Free Radicals by Rosa Beltrán

Author:  Rosa Beltrán
Translator: Robin Myers

The cover to Free Radicals by Rosa BeltránWeston, Florida / Austin, Texas. Katakana Editores / Hablemos Escritoras. 2023. 297 pages.

You may be excused for thinking Rosa Beltrán is the best novelist you hadn’t heard of—global literature’s best-kept secret—despite an impressive portfolio of seven acclaimed novels, six award-winning collections of short stories, and an array of thought-provoking nonfiction pieces taught in colleges across Latin America. Her work has earned her a multitude of esteemed international honors, including the Sor Juana Inés de la Cruz Award and the Planeta Prize for the Novel, and yet, even as an inductee into the esteemed Mexican Academy of Letters, Beltrán, like many of her protagonists, remains accomplished, courageous, consistently exceptional, but too often, still, insufficiently recognized for her contributions.

With this new English edition, Free Radicals might just be the Beltrán novel that changes all that for the better. Initially published in 2021, it rapidly sold out in mere months, an outcome typical of books that, like Beltrán’s, actively select their readers; that recruit us by somehow managing to speak of our lives in ways that feel specific and reshape us profoundly. 

In Free Radicals, that transforming dream is a gendered one. The novel stands as a hard-hitting feminist exploration of women’s experiences, challenges, and agency within the context of a patriarchal society, examining the historic intersections of gender and power in the worlds of men and their effects on the women who have to live within them. Part of the novel’s power comes from how it manages to do all this in arresting, heartbreaking, soul-smashing ways, through layered and linked reality-based metaphors that, via contrast, can’t help but dismantle some of the many veils of secrecy that exist around women’s stories.

Some of that powerful dosage of realism comes from the narrative’s engagement with the 1968 Tlatelolco Massacre, the novel’s intertwined personal narratives in turn woven into that broader historical context. It also comes from how unflinchingly Beltrán portrays the role of women within that Mexican political and social movement, underscoring their resilience, sure, but also their often-hidden agendas, along with their contributions to the just upheaval of violence’s aftermath. 

Another wondrous accomplishment comes from how Beltrán recruits about half a dozen literary genres and styles: detective fiction, historical narrative, the Japanese I-novel style, journalistic op-eds, and lyric essays, seamlessly merging fact and fiction to evoke the historical truths that anchor the narrative. 
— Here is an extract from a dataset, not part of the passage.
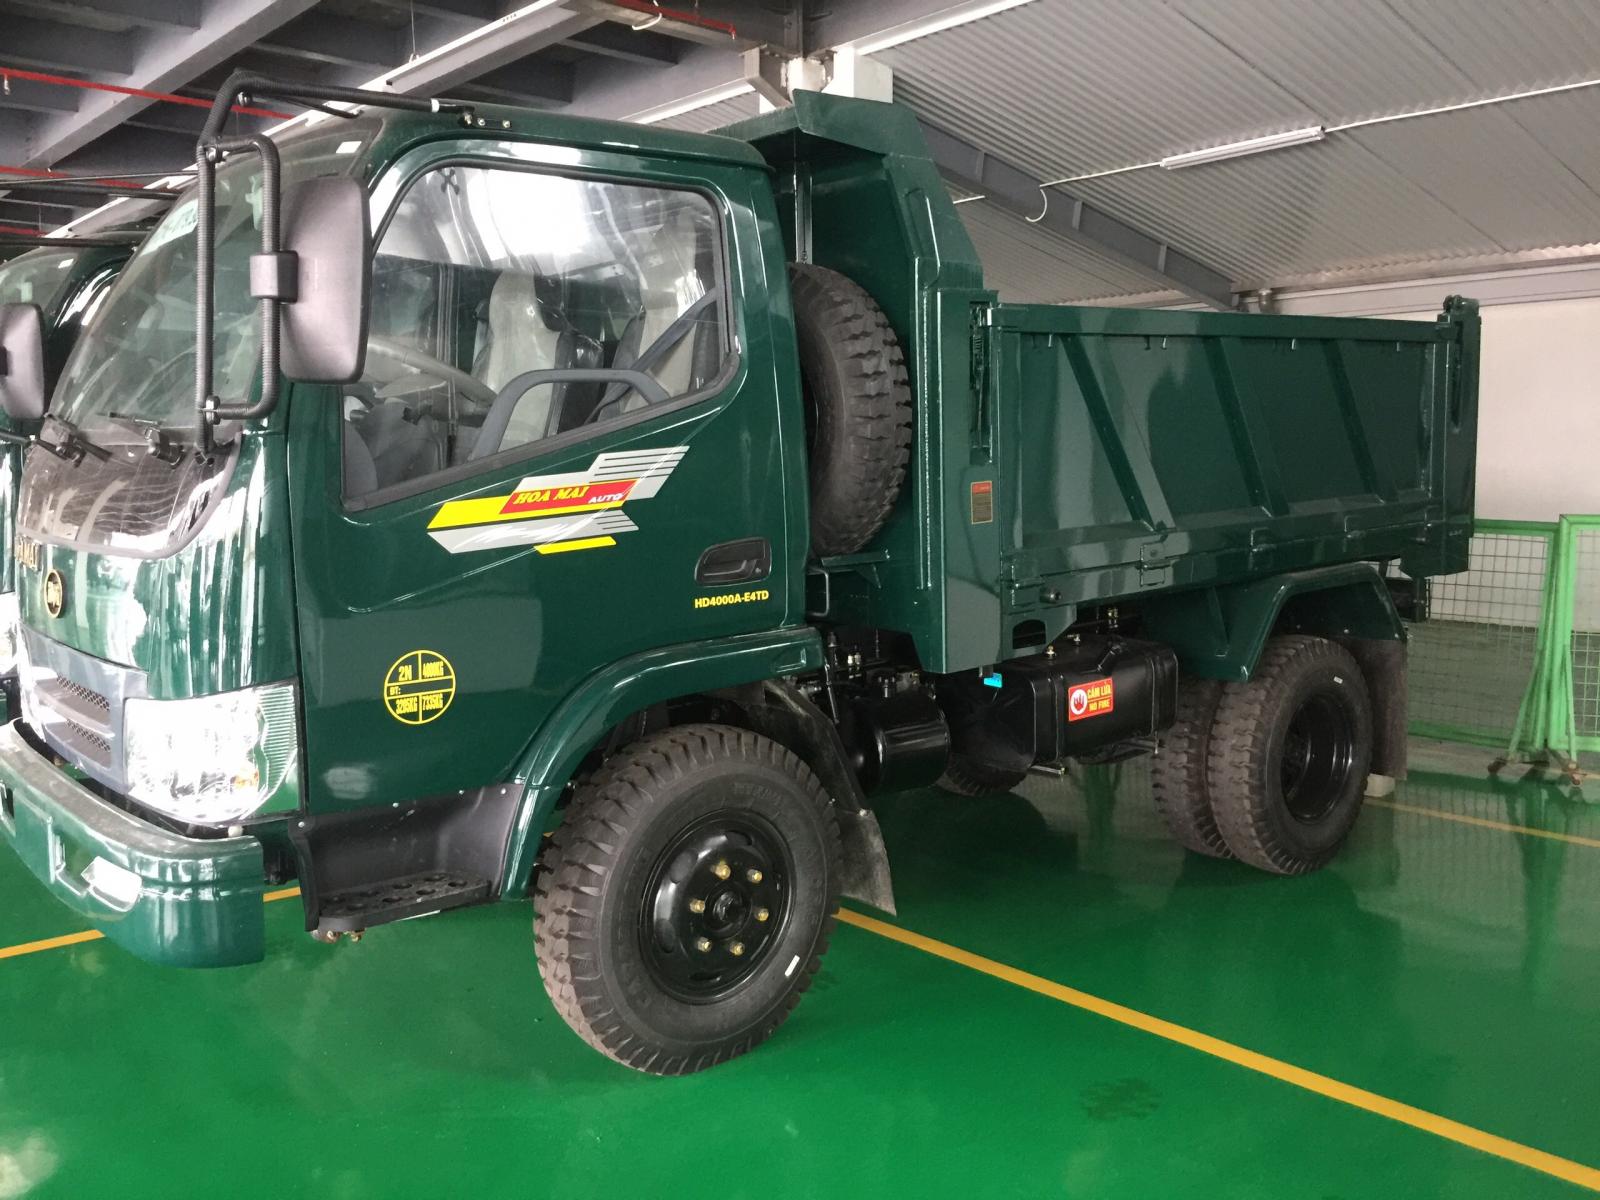 Xe tải 2,5 tấn - dưới 5 tấn 2019 - Bán xe Hoa Mai Ben 3 tấn, 4 tấn tại Hưng yên giá rẻ nhất mọi thời đại

Such complex and thoughtful treatment fits because this is an epic female history, a generational saga of women navigating pivotal choices that are consequences not only of their own decisions but, more often, of the circumstances thrust upon them within the temporal, geographical, and emotional scaffold of the worlds of men they inhabit, their lives too often unfolding beneath the weight of external determinants.

The novel’s plot speaks of all kinds of human duplicities. Detectives, even amateur ones, can’t decipher crimes without self-awareness, without an understanding of why life assigned them a specific time and place. The community entwined with the Tlatelolco Massacre of 1968, in which nearly two hundred students perished during a peaceful demonstration suppressed by the Mexican government, is, collectively, a single character reinforcing the composition of the world that Beltrán’s characters must navigate. This juncture becomes a portal for exploring profound betrayals, personal and societal. As detectives scrutinize crimes, they must confront their own identities; similarly, this narrator, and those encircling the massacre, undergo analogous self-discovery.

But, dread not. We will not have to read about our worst fears as an exercise in detachment. Reading Free Radicals is an intimate act, made cozy by Beltrán’s stellar use of breaks to the fourth wall. By elegant, minimal prose devoid of overt acrobatics, and beauty preserved in the rhythm of each complex revelation, the world of the novel is made both vividly real and hauntingly symbolic.

Free Radicals may be a novel, but it’s also a bitácora de recuerdos, a dossier of clues to broader realities, a record of absences, of lack, of empty emotional spaces. Blur-paced, exciting, and full of concrete, physical action, it’s a repository for the abstract, internal flow of thought and for the burrowed history that serves as background to each discovery Beltrán describes as “a concave mirror we stare into, hoping to find ourselves.” 

Impossibly enough, it’s also high drama, from murders and kidnappings to deceit and upheaval. Along for the ride, women are judged as good or bad by their responses, so conditioned in advance that it is impossible to reach answers for the many questions this story brings up: What must women do to survive a world in which they’ve been guests, and not always by choice? How can girls go through childhood while suspecting dark and dangerous forces at play all around? How can they become whole young women when childhood suspicions turn out to be prophecies? How can we be women when violence mutates into a force that exiles our loved ones?

It’s hard to write about this book without wanting to reveal every wonderful thing about it. But I won’t. Just know that before the last page, you will know everything: the story of each of these women—mother, daughter, and granddaughter—the story of every woman. Maybe, too, yourself included.